Unfortunately, I need to revisit scheduling and memory management. Realistic parallel/concurrent test code (dozens or hundreds of threads) that stresses the runtime is intermittently segfaulting and crashing. My goal is a useful platform for real-world use. So I can’t look the other way and pretend it’s not happening.
My experience using Java and Oracle is that managed platforms often have trouble under high loads, even with performance tuning. That’s ok most of the time. Systems move to “share nothing” and scale horizontally.

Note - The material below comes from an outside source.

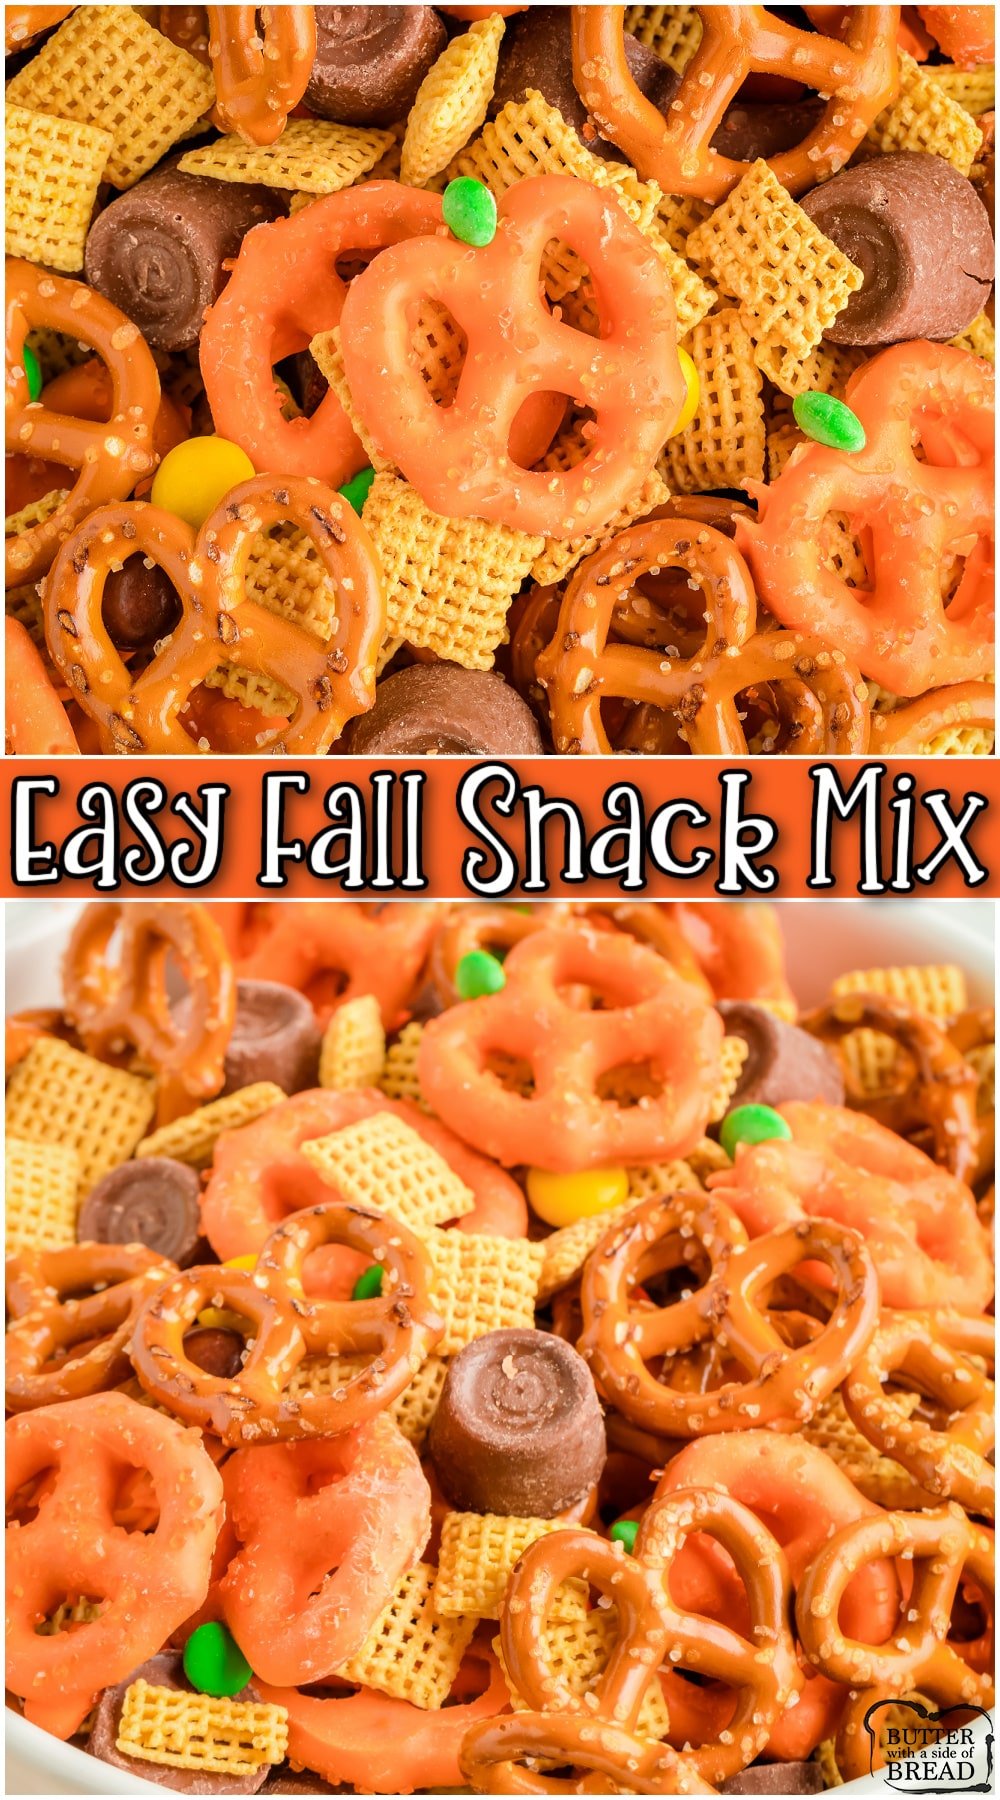 Easy Halloween Snack Mix is a sweet & salty treat perfect for parties! You'll need pretzels, chocolate & Chex cereal for this easy festive snack mix recipe!

I think it’s different for GPUs and HPC. Applications are expected to maximize load and stress the system. If a managed platform can’t handle this, why use it? It’s too much trouble.
April 12, 2011
Posted by on
In a few months, the first release will be ready. It will include the full virtual machine based language with fast matrix multiply (capable of over 50% GPU utilization) and random number generation (have not figured this out on the GPU yet) using an OpenCL JIT back-end. This is, in my opinion, the minimal feature set useful enough to overcome the adoption barrier.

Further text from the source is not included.